--- RECORDED DATA Enclosed Below ---
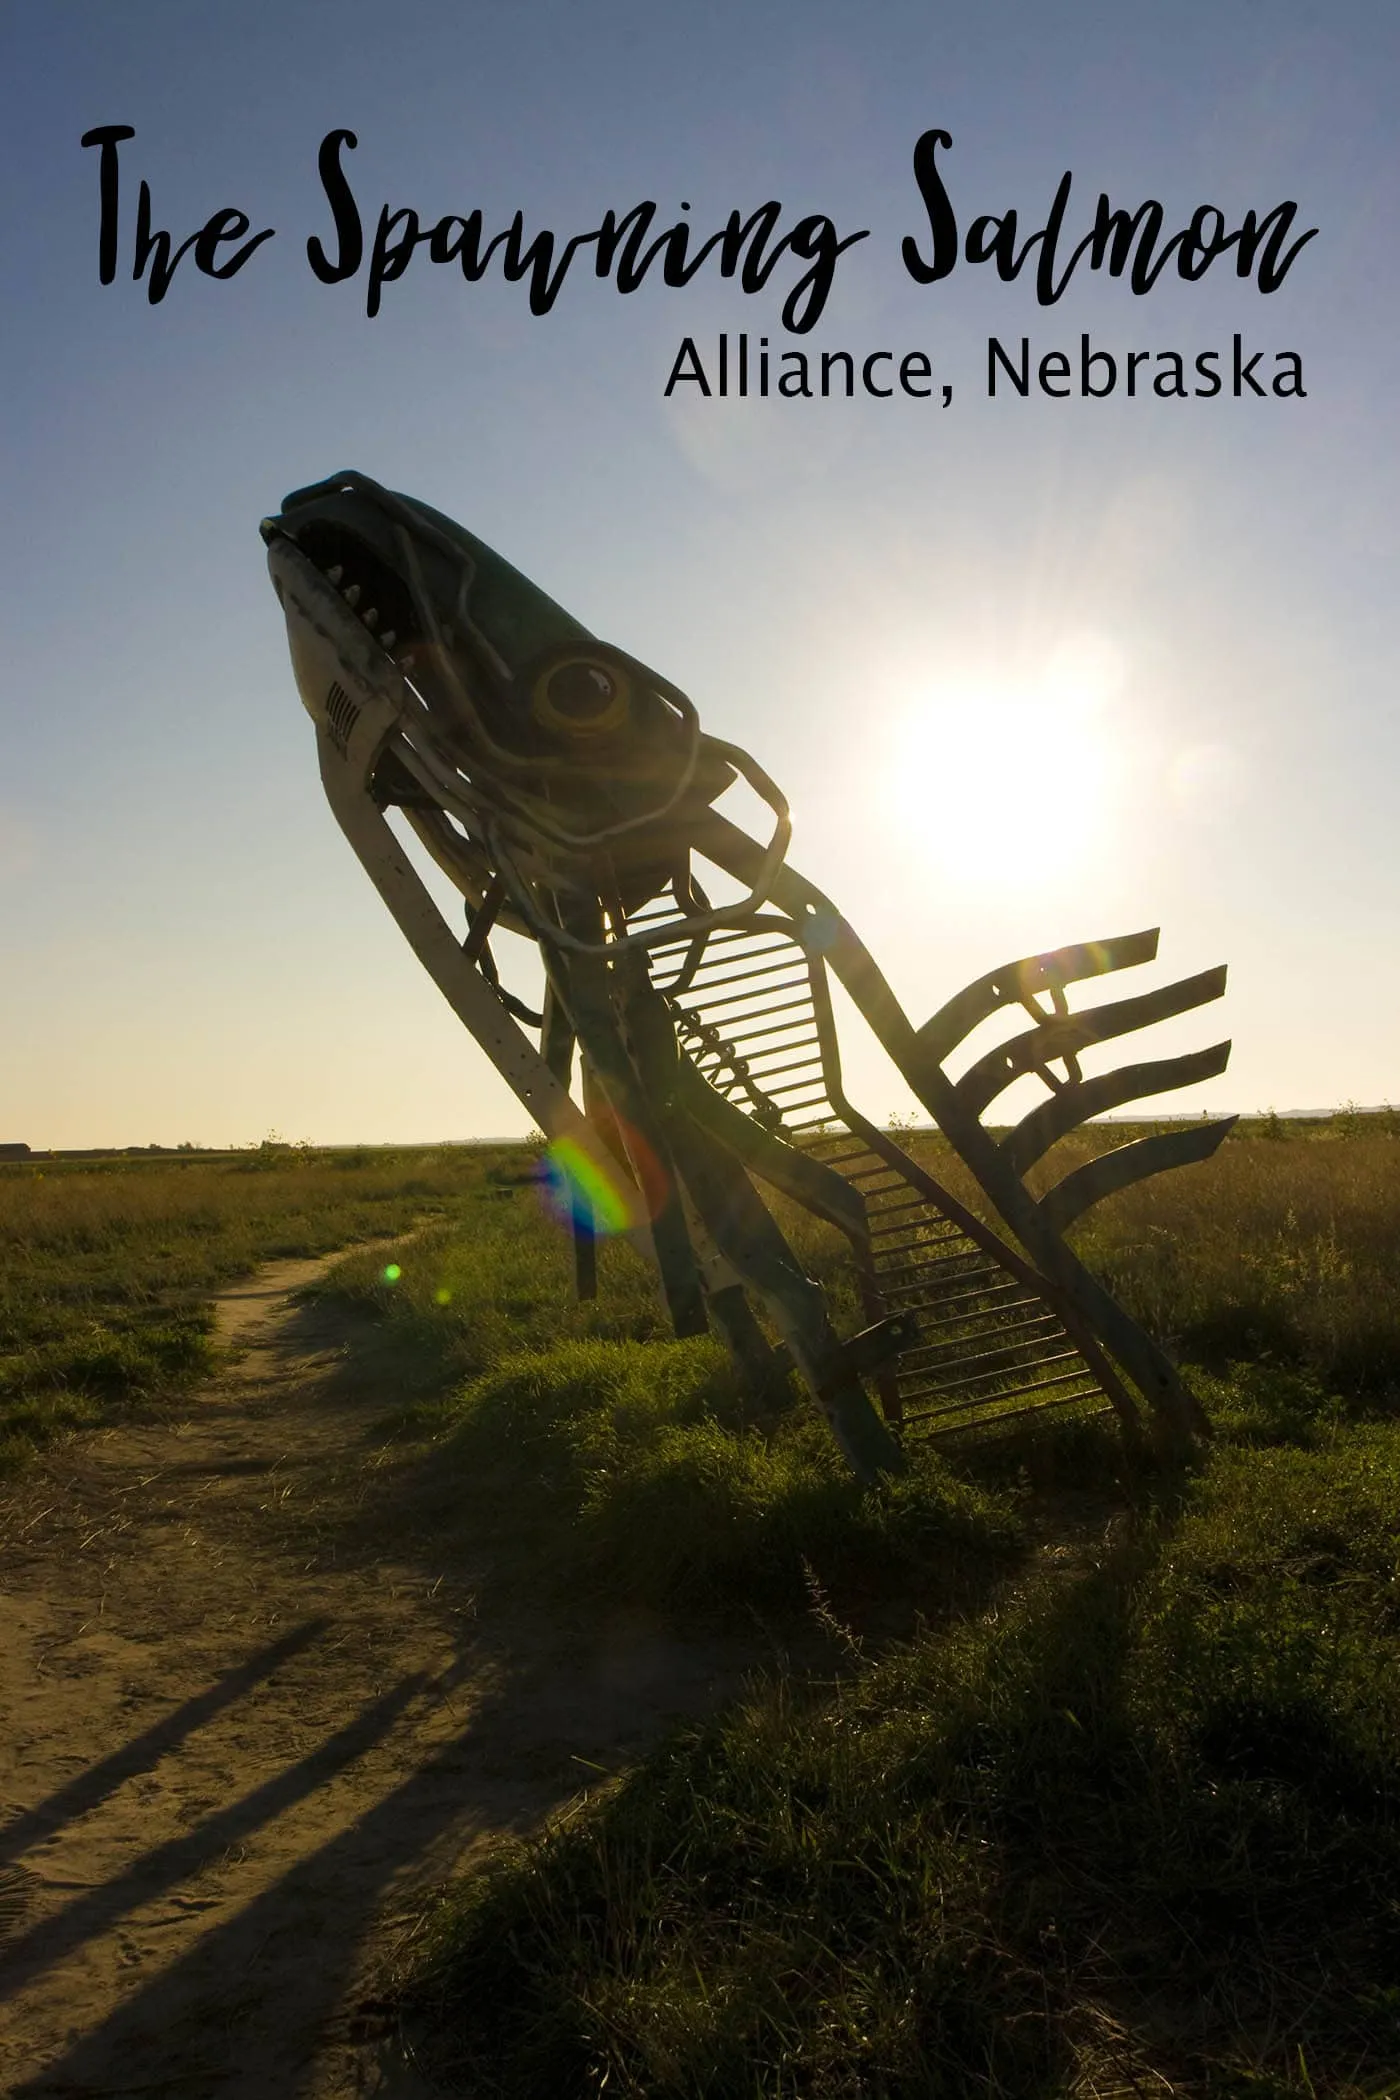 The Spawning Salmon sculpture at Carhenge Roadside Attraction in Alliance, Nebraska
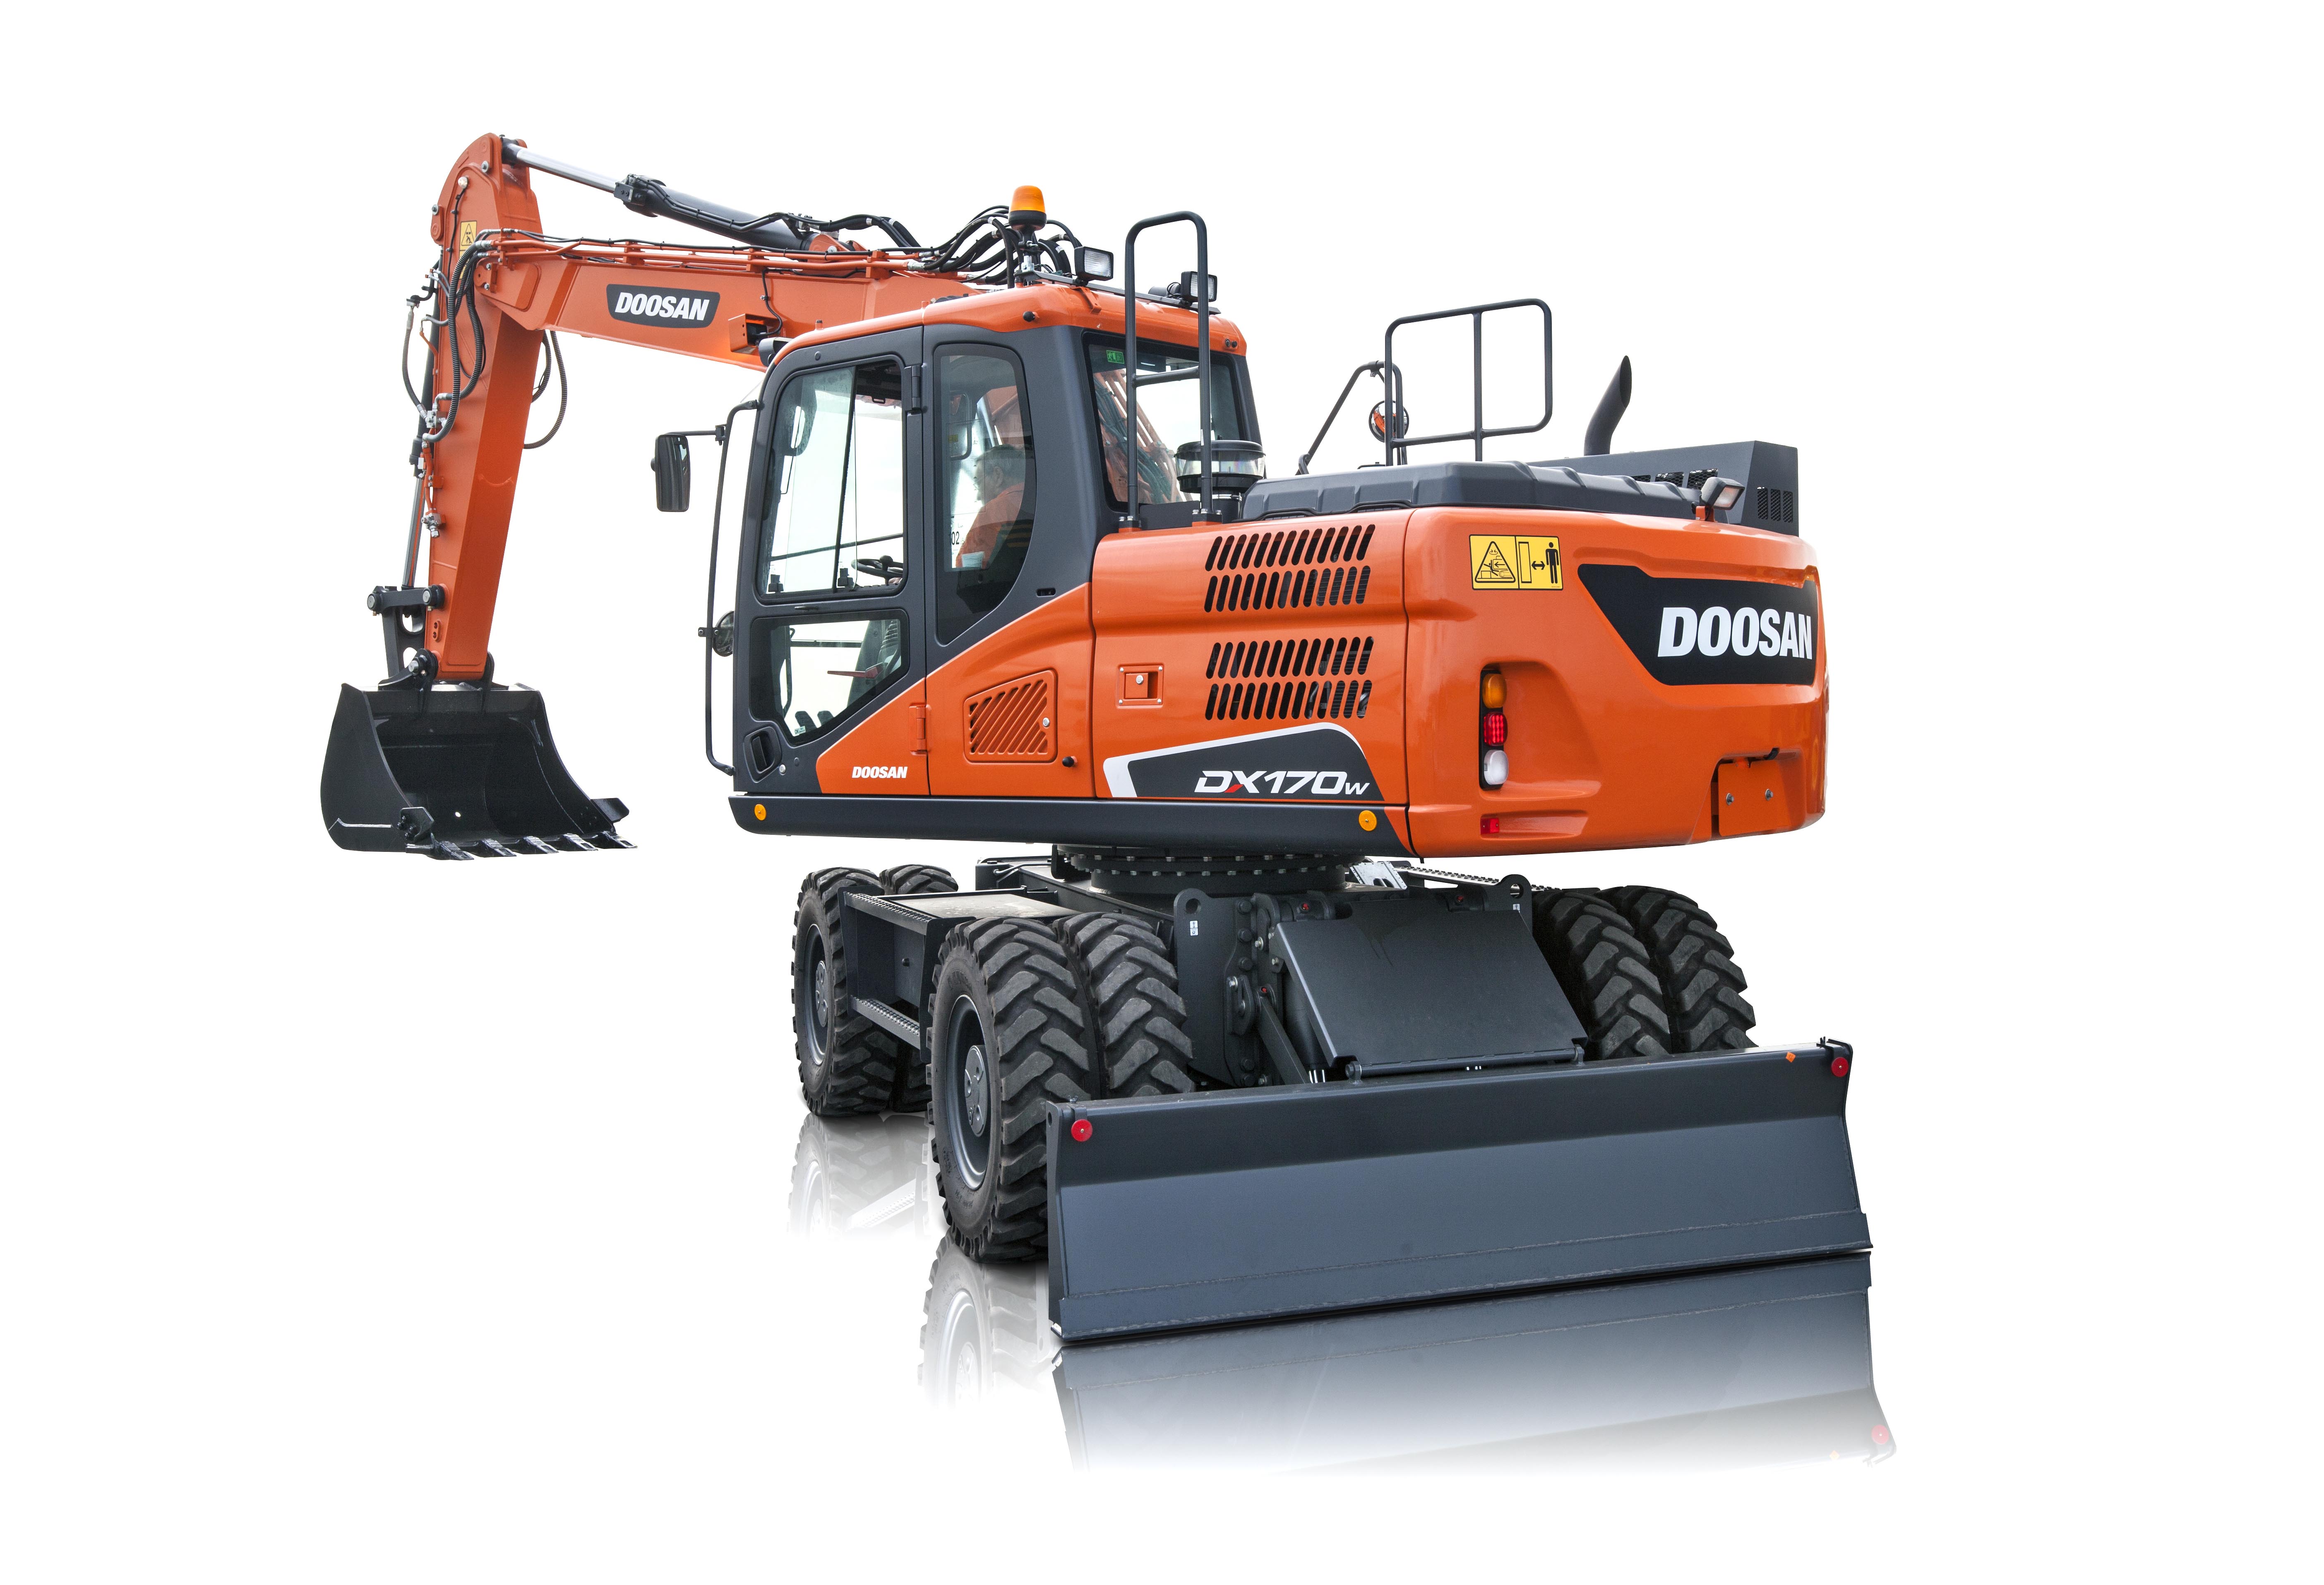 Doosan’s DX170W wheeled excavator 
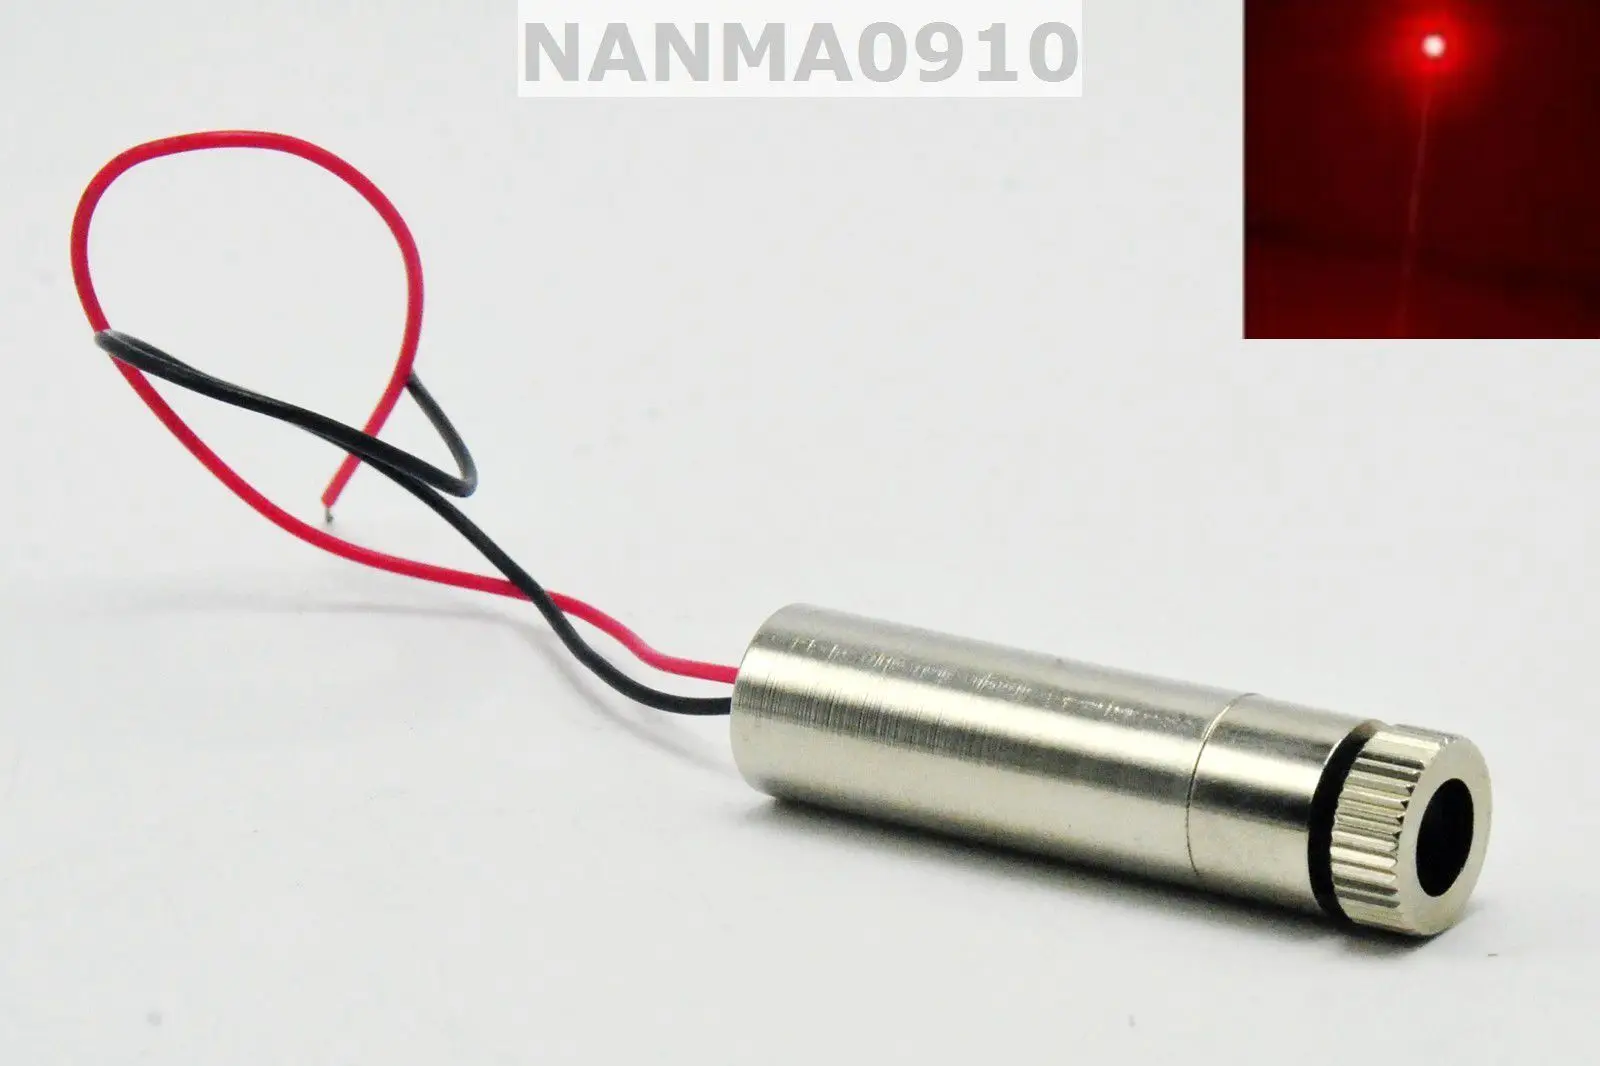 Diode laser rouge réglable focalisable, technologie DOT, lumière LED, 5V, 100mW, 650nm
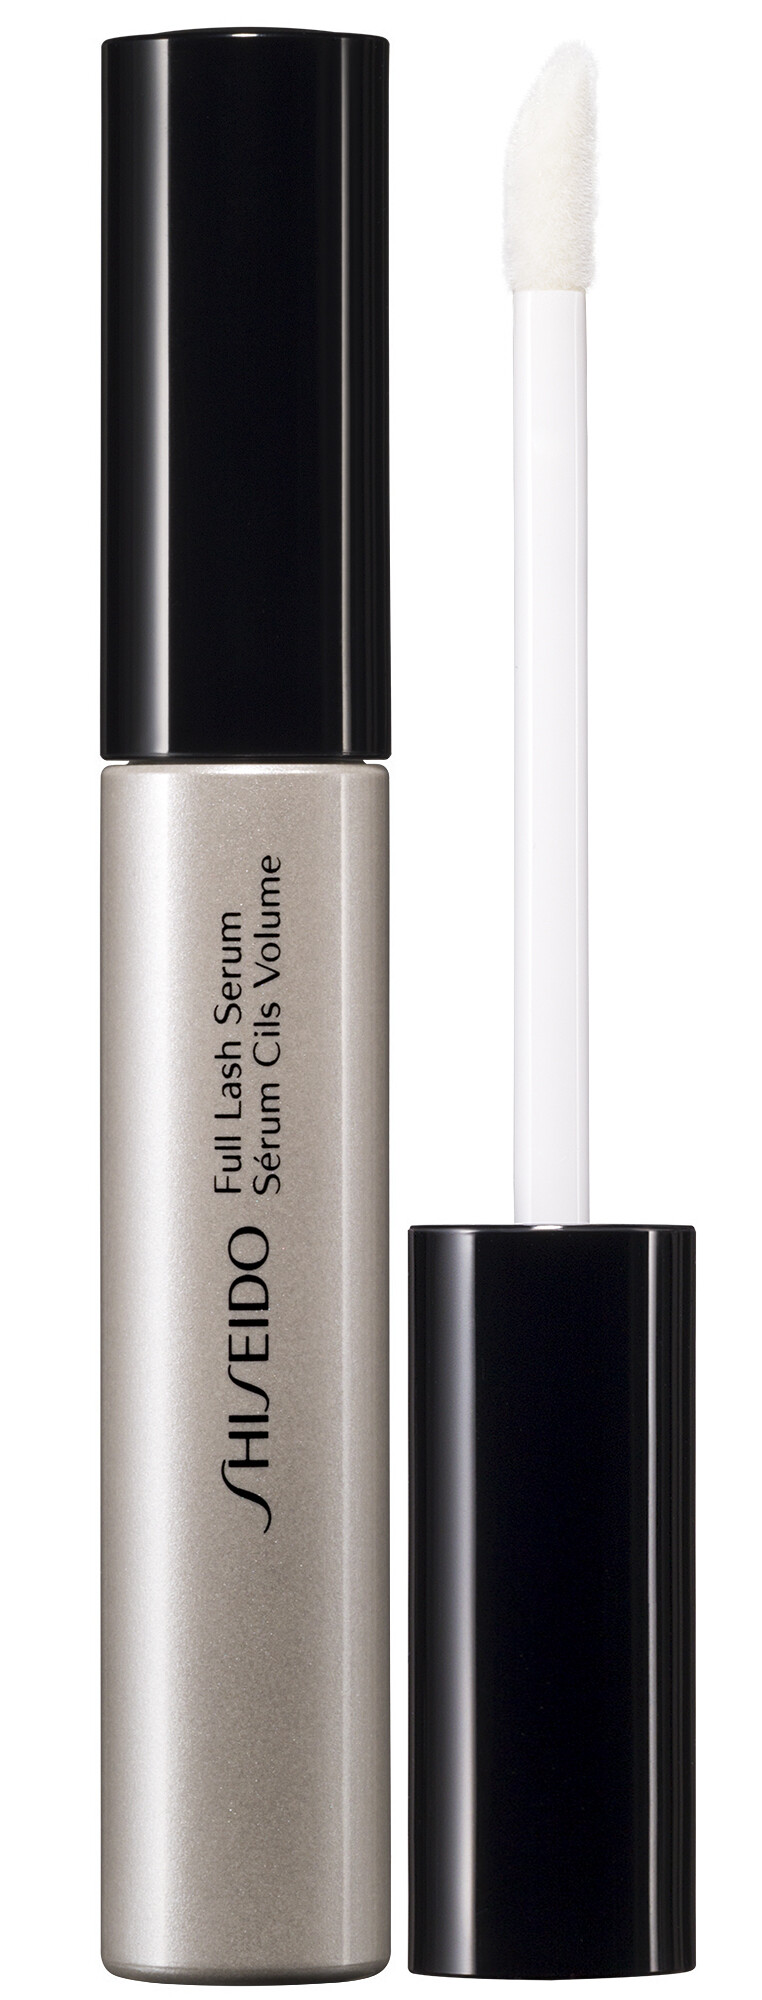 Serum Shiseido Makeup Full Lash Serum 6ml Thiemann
--- End of Enclosed RECORDED DATA ---
| TASK DIRECTIONS |
Every line of the material must be returned verbatim, and pictures must be left behind.

| FINISHED TASK |
 The Spawning Salmon sculpture at Carhenge Roadside Attraction in Alliance, Nebraska
 Doosan’s DX170W wheeled excavator 
 Diode laser rouge réglable focalisable, technologie DOT, lumière LED, 5V, 100mW, 650nm
 Serum Shiseido Makeup Full Lash Serum 6ml Thiemann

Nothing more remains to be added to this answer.